A entidade pode optar por apresentar os ajustes de reclassificação em notas explicativas, não os 
divulgando na DRA, mas, nesse caso, ela deverá apresentar os itens de outros resultados abrangentes 
após os respectivos ajustes de reclassificação.
Cabe salientar que não devem ser tratadas como ajustes de reclassificação as mutações na reserva 
de reavaliação, quando permitida por Lei, ou os ganhos e perdas atuariais de planos de benefício a 
empregados. Ambos são reconhecidos como outros resultados abrangentes, mas não são reclassificados 
para o resultado líquido em exercícios posteriores. Na medida em que ocorrer a realização da reserva 
de reavaliação, suas mutações devem ser transferidas para Reserva de Retenção de Lucros ou para 
Prejuízos Acumulados. Certos ganhos e perdas atuariais de planos de benefício a empregados podem ser 
registrados na Reserva de Retenção de Lucros ou em Prejuízos Acumulados no exercício em que forem 
reconhecidos como outros resultados abrangentes.

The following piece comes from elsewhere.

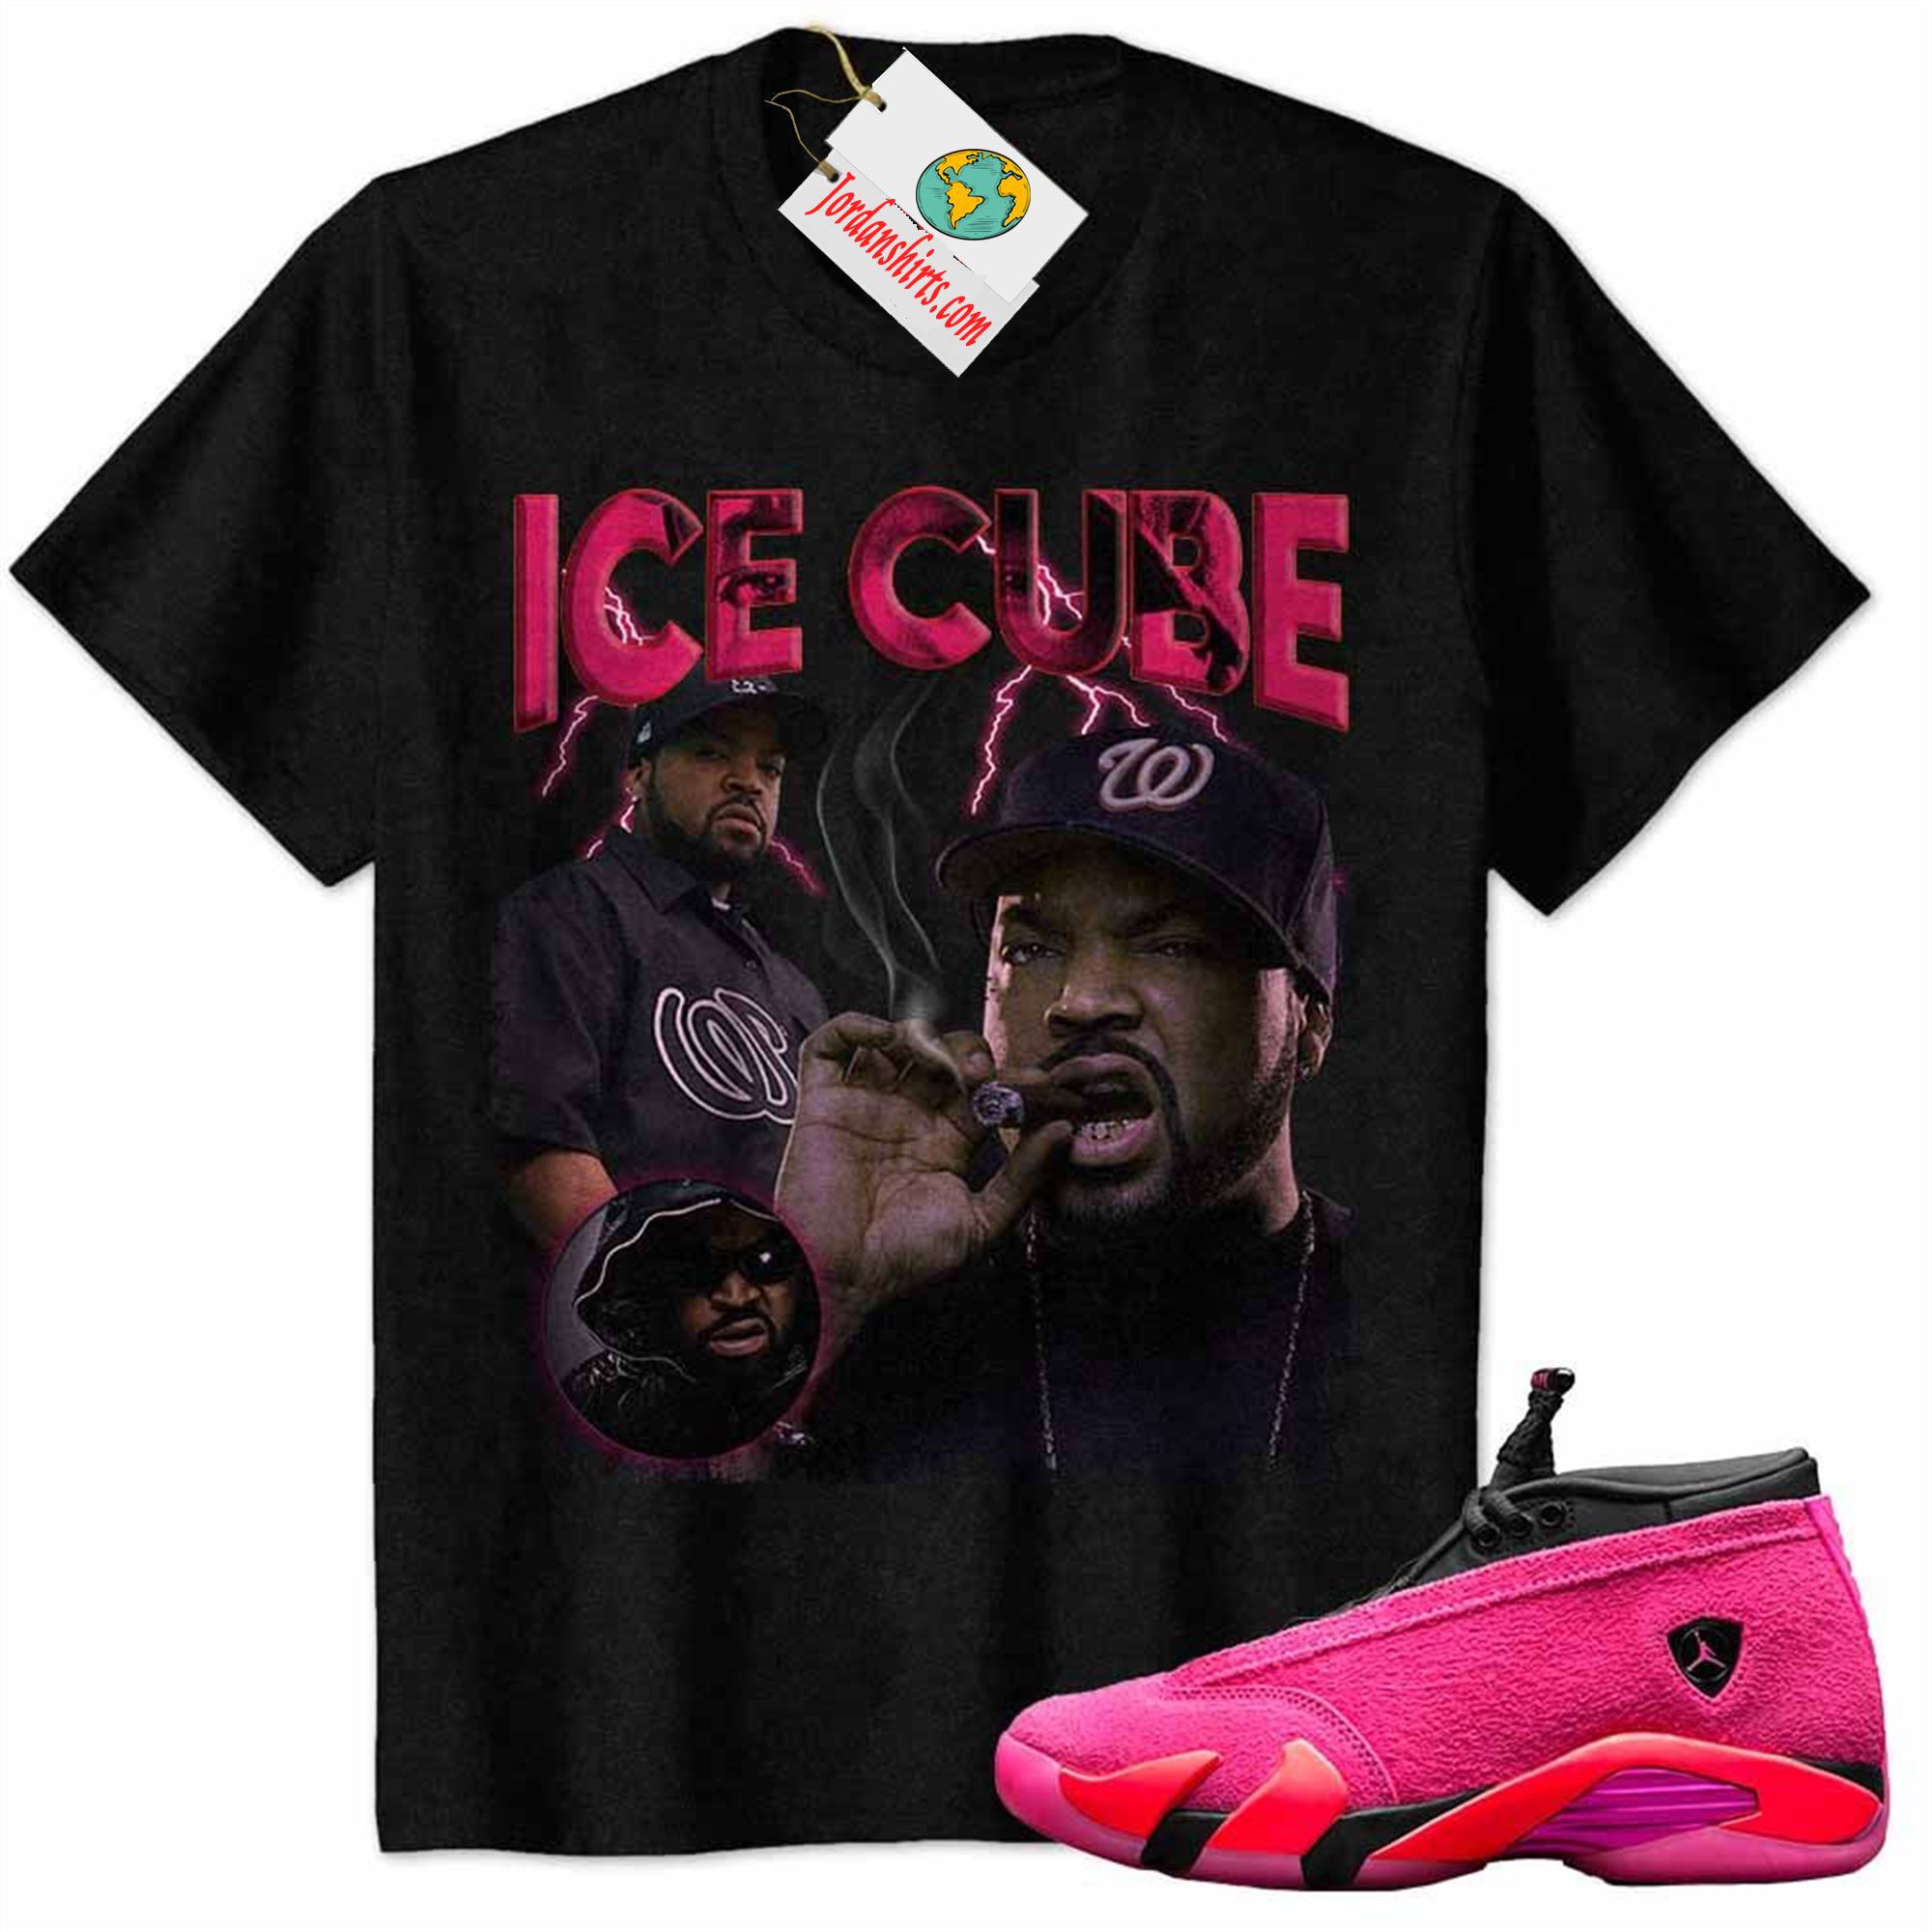 Jordan 14 Shirt, Ice Cube Black Air Jordan 14 Wmns Shocking Pink 14s Full Size Up To 5xl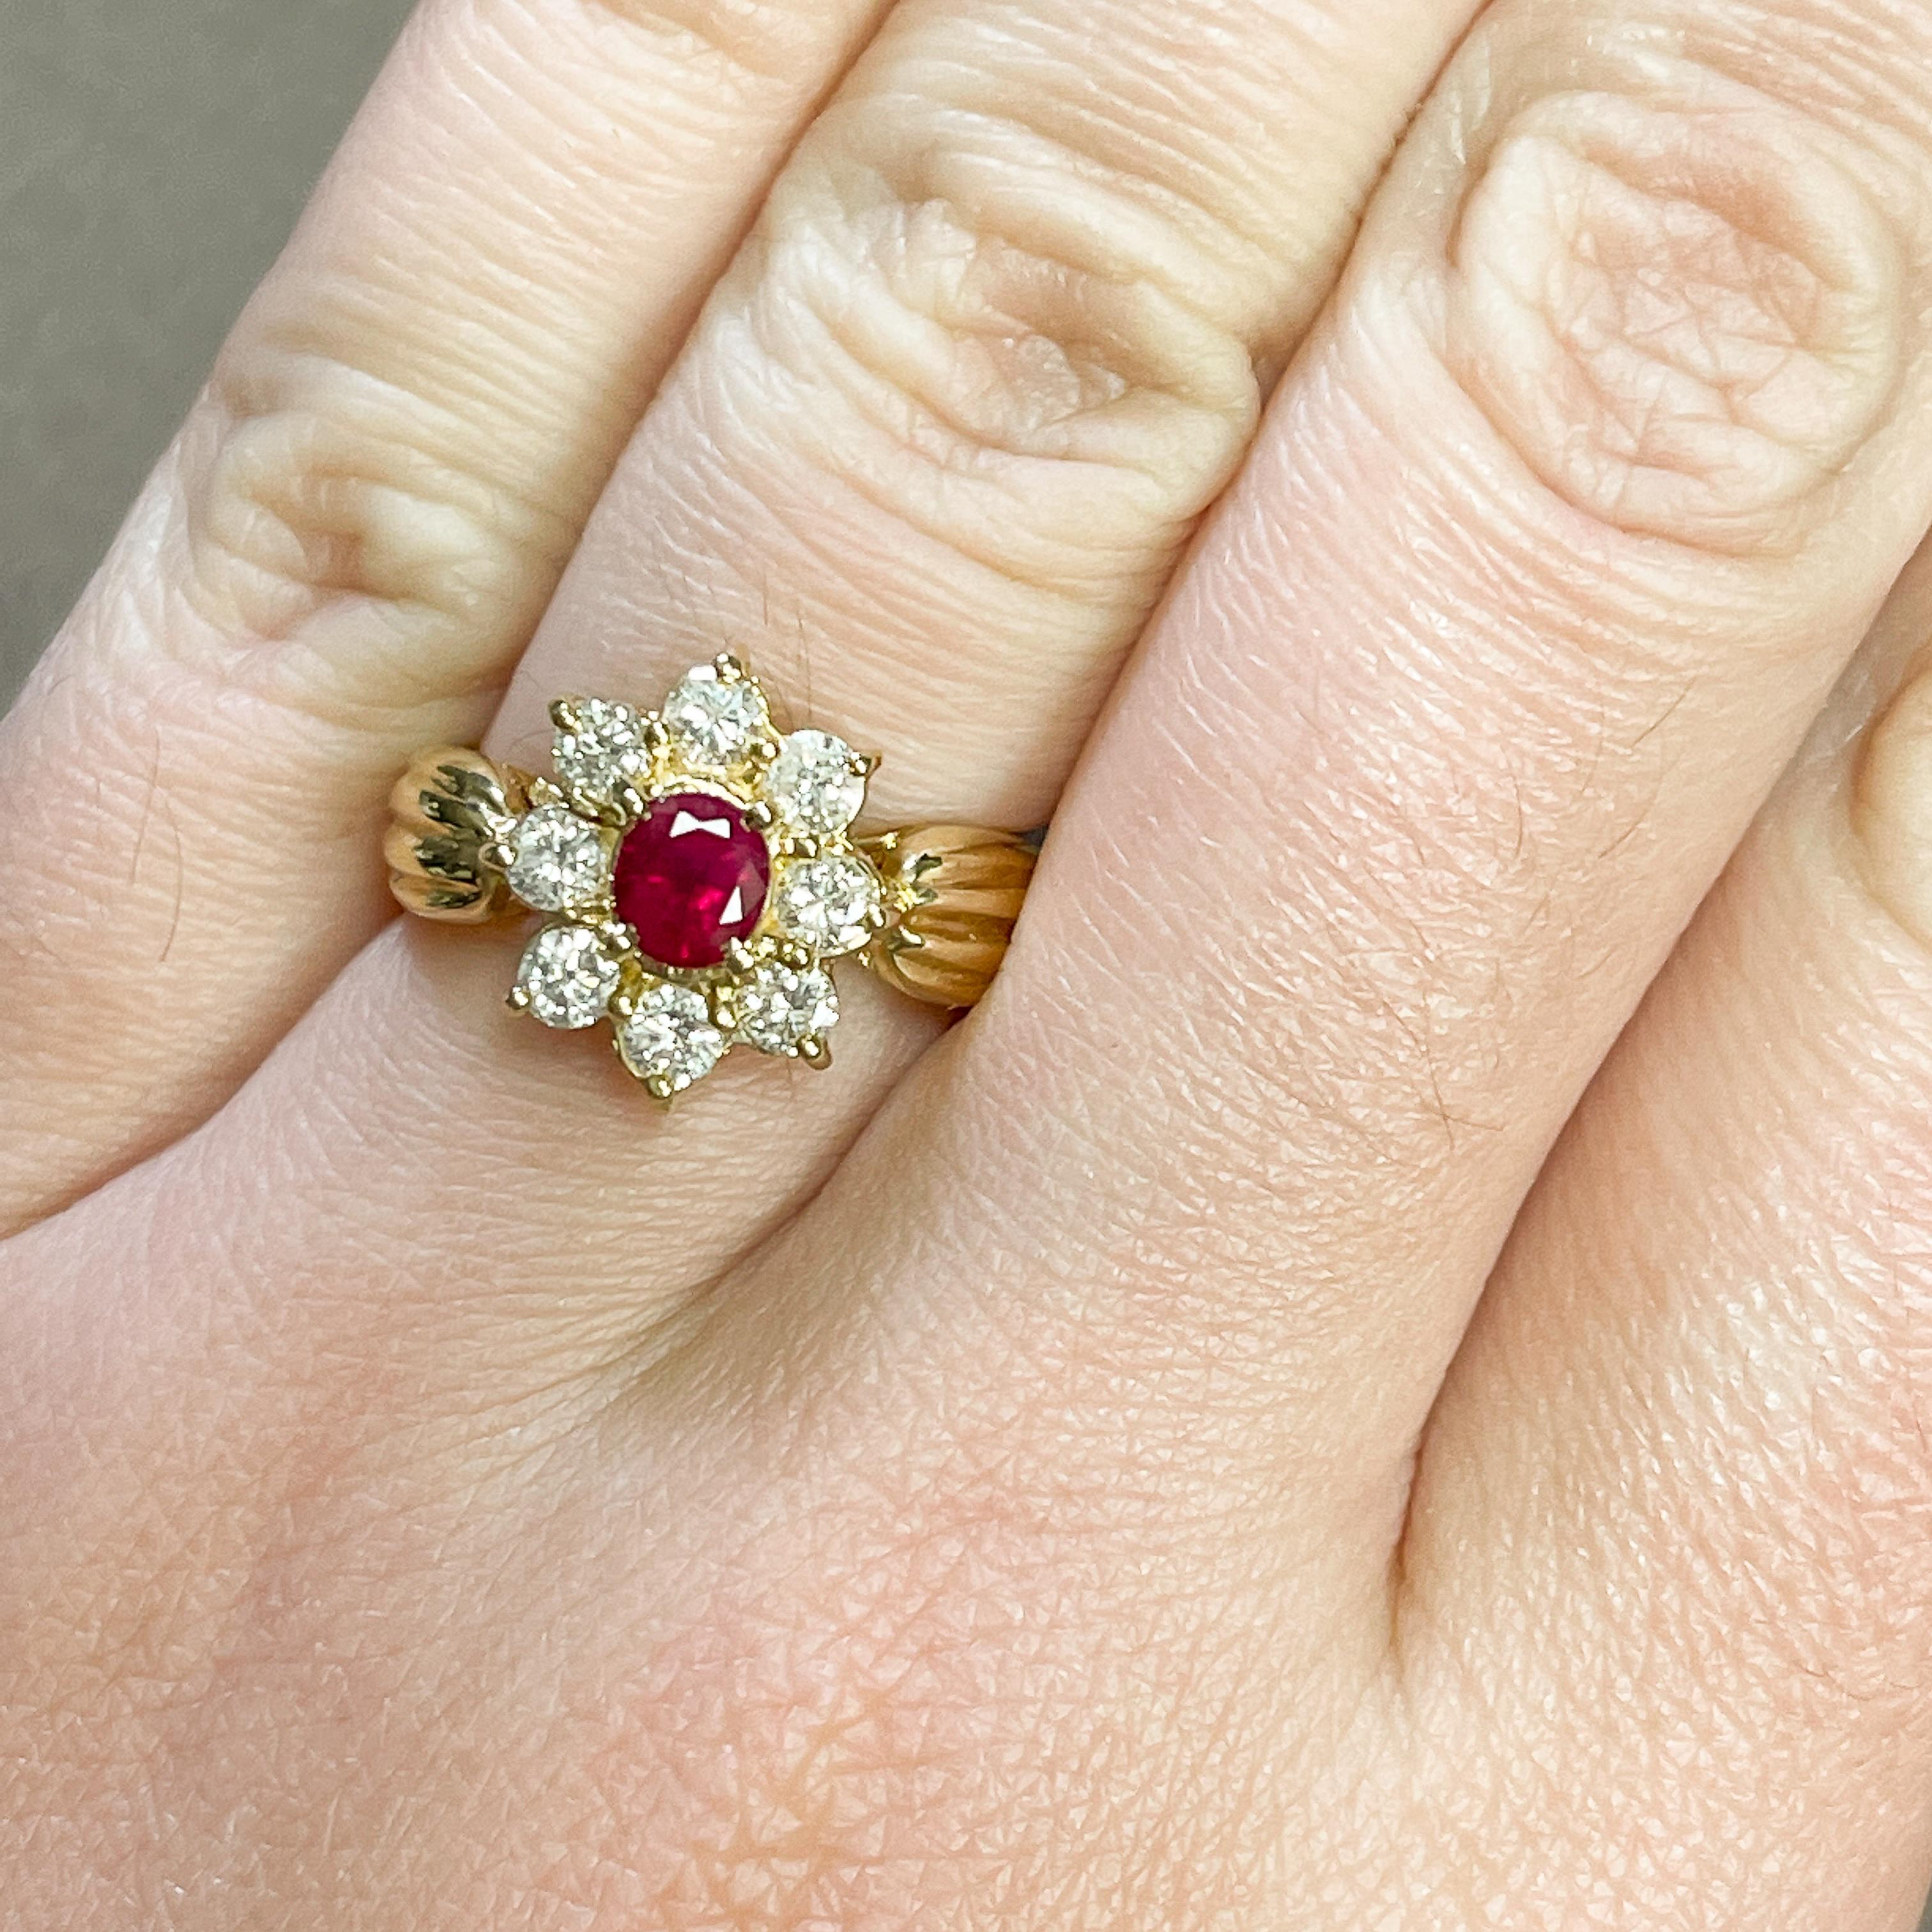 Magnifique bague florale pour femme ! Le centre du rubis est d'un rouge profond, accentué par 8 diamants ronds. Le bracelet en or jaune est strié comme une tige florale. Le rubis symbolise l'amour, la passion et l'engagement. C'est aussi la pierre

Por fim, o Pronunciamento Técnico CPC 26 – Apresentação das Demonstrações Contábeis destaca 
que, quando for relevante para a compreensão dos resultados da companhia, outras rubricas, contas, 
títulos e subtotais devem ser apresentados na DRA e na DRE. Entretanto, a entidade não deve apresentar 
nas referidas demonstrações, ou em notas explicativas, rubricas, receitas ou despesas sob a forma de 
itens extraordinários. Também não se admite mais a figura das receitas e despesas não operacionais. 
A única discriminação é a dos resultados derivados das atividades descontinuadas (COMITÊ DE 
PRONUNCIAMENTOS CONTÁBEIS, 2013).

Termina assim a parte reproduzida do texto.